GJ.
GJ.

Reputation: 870

MySQL query - derived table vs left join where

Given posts and posts_tags:

CREATE TABLE posts (
    id SERIAL PRIMARY KEY,
    external_id varchar(10) UNIQUE,
    title varchar(255),
    body TEXT
)

CREATE TABLE posts_tags (
    id SERIAL PRIMARY KEY,
    post_external_id varchar(10) REFERENCES posts(external_id),
    tag varchar(255),
    UNIQUE KEY (post_external_id, tag)
)

As you can see the above tables store posts and their tags for a backend serving REST APIs.

There is a get-post-by-external-id API that will return the post with its tags identified by the post's external_id. Given this use case, I'm wondering which query below executes faster and consumes less resources?

Derived table

SELECT posts.*, posts_tags.tag 
FROM (SELECT * FROM posts WHERE external_id = ?) AS posts 
LEFT JOIN posts_tags ON posts.external_id = posts_tags.post_external_id

Left join where

SELECT posts.*, posts_tags.tag 
FROM posts 
LEFT JOIN posts_tags ON posts.external_id = posts_tags.post_external_id
WHERE posts.external_id = ?

I'm not sure, but I guess the WHERE filters the intermediate results after the LETF JOIN happens?

Upvotes: 1

Views: 274

Answers (1)

Paul Spiegel
Paul Spiegel

Reputation: 31812

There is no need for a subquery. The engine doesn't evaluate/execute the query in the same order as you write. The optimizer will generate an "execution path" as optimal as possible (though it doesn't work perfect). However for this particular case it's documented in WHERE Clause Optimization:

For each table in a join, a simpler WHERE is constructed to get a fast WHERE evaluation for the table and also to skip rows as soon as possible.

So your guess:

I guess the WHERE filters the intermediate results after the LETF JOIN happens?

is wrong. Given an index on posts.external_id the engine will only "touch" the matching row(s) and perform the join with posts_tags only for that/those row(s).

And from my experience I can also tell you, that the second (trivial) query is perfectly fine performance wise.

I would though not use that query for another reason. You get the post data duplicated per related tag.
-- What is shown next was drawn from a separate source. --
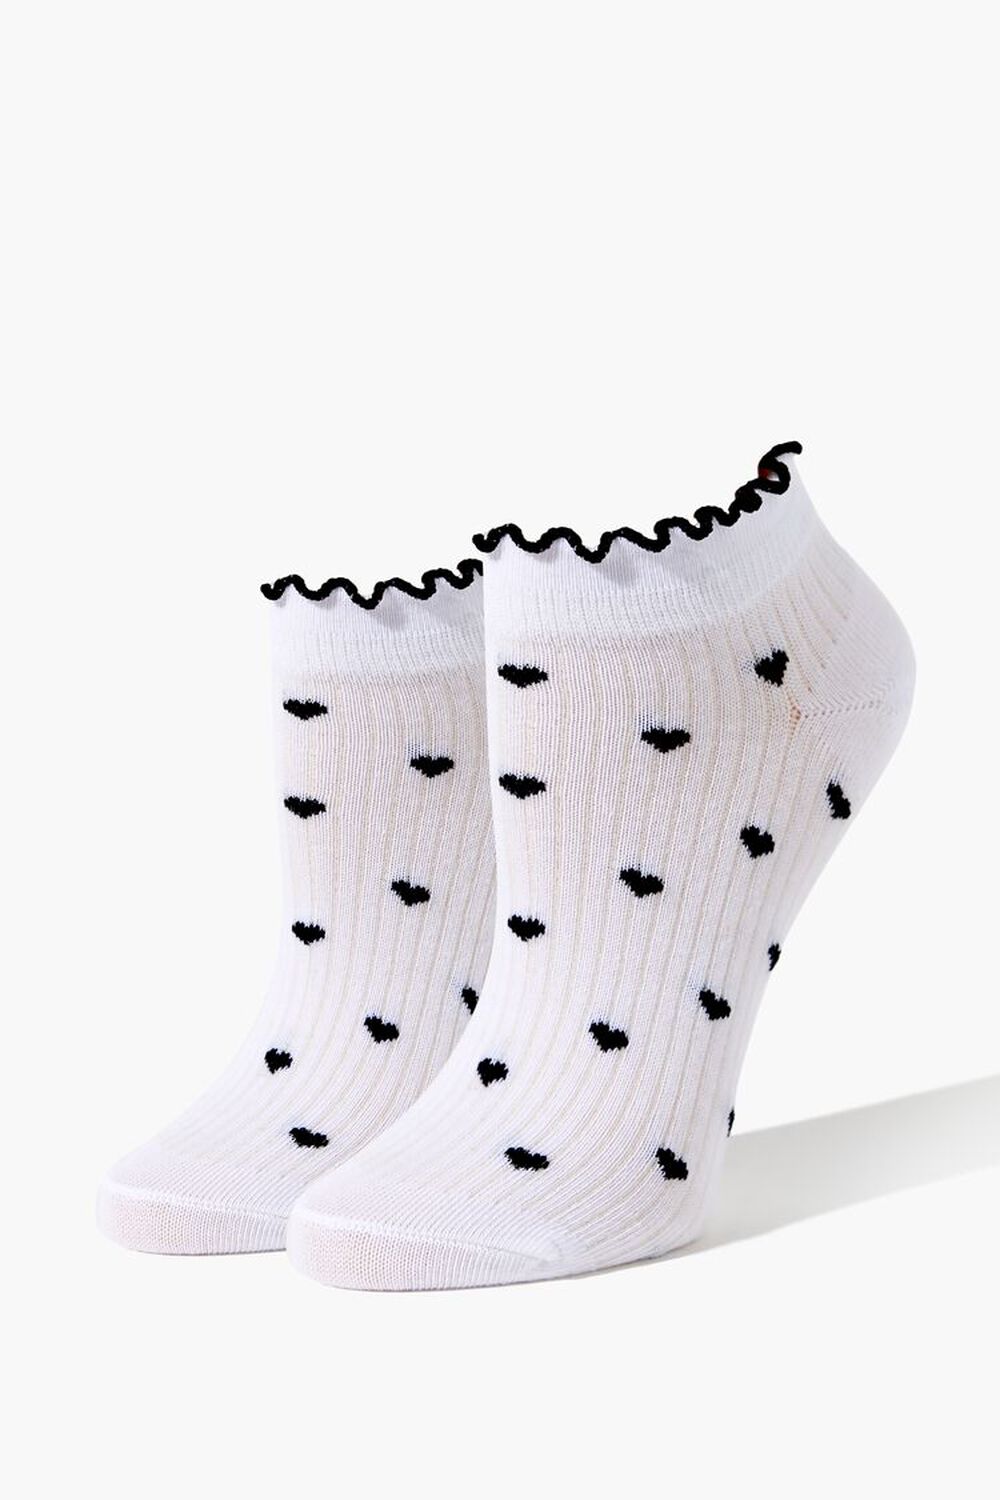 Heart Print Ankle Socks, image 1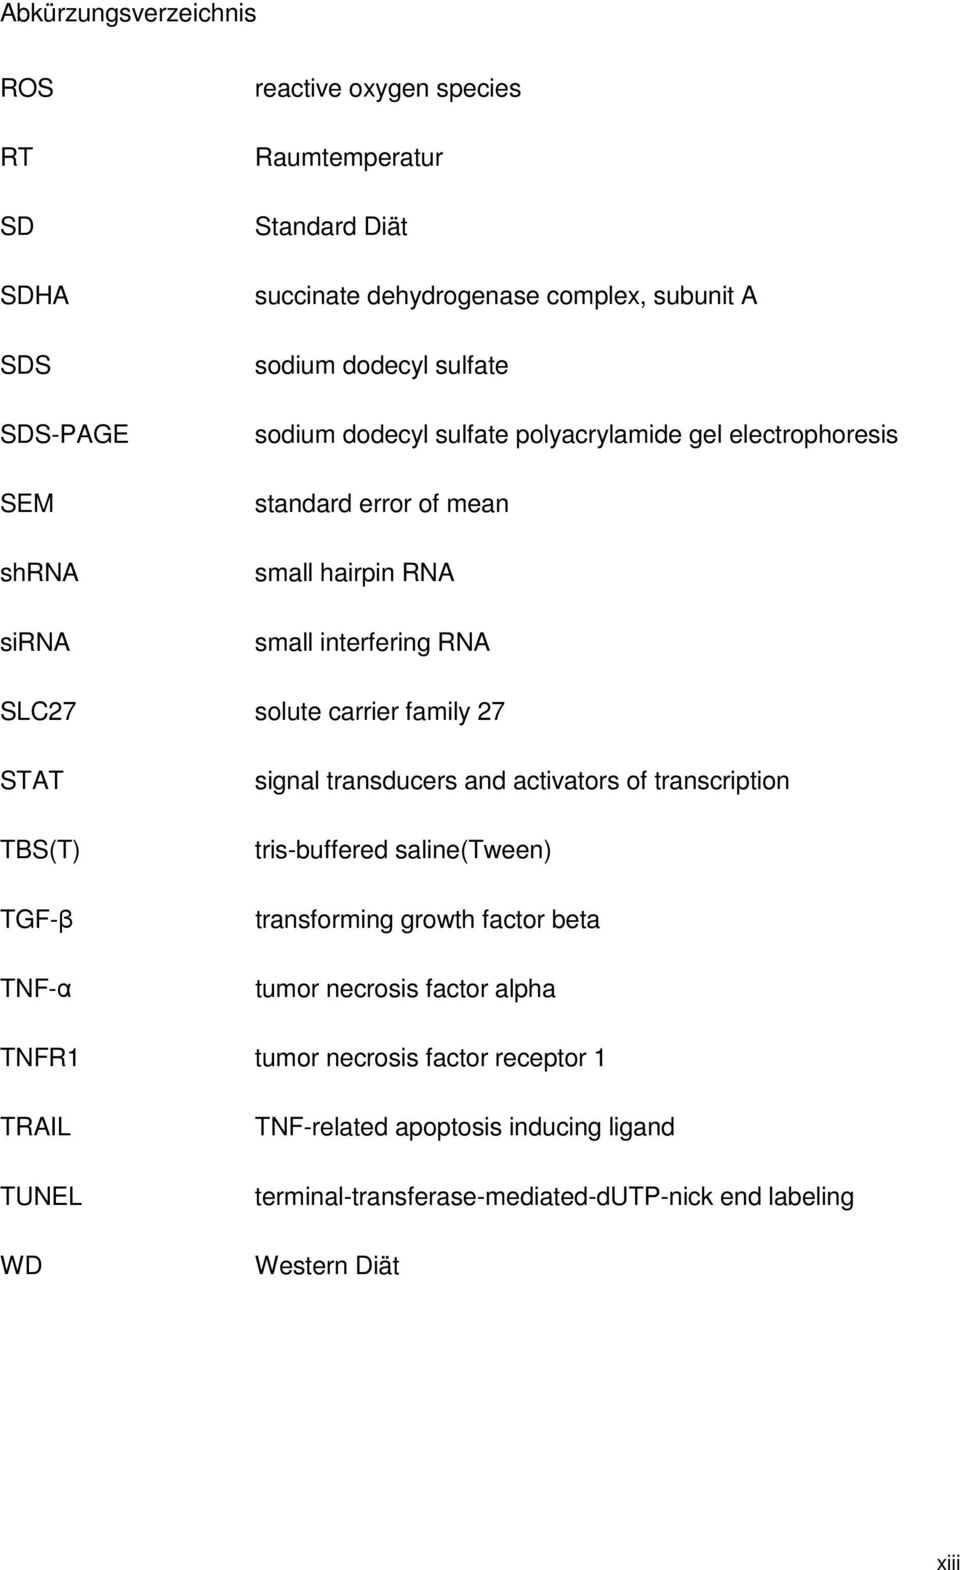 family 27 STAT TBS(T) TGF-β TNF-α signal transducers and activators of transcription tris-buffered saline(tween) transforming growth factor beta tumor necrosis

Consider you have a post containing a 10KB text and having 10 tags. You will get 10 rows (one per tag) with the same text and fetch together 100KB of data. Then you will need to write code to "deduplicate" the data.

I would rather either run two separate queries:

SELECT posts.*
FROM posts 
WHERE posts.external_id = ?

and

SELECT posts_tags.tag 
FROM posts_tags
WHERE posts_tags.post_external_id = ?

and "merge" the result in application code

or aggregate the tags with GROUP_CONCAT()

SELECT posts.*, GROUP_CONCAT(posts_tags.tag) as tags
FROM posts 
LEFT JOIN posts_tags ON posts.external_id = posts_tags.post_external_id
WHERE posts.external_id = ?
GROUP BY posts.external_id

or with JSON_ARRAYAGG()

SELECT posts.*, JSON_ARRAYAGG(posts_tags.tag) as tags
FROM posts 
LEFT JOIN posts_tags ON posts.external_id = posts_tags.post_external_id
WHERE posts.external_id = ?
GROUP BY posts.external_id

Parsing a comma delimited list or a JSON array should be simple in any application language.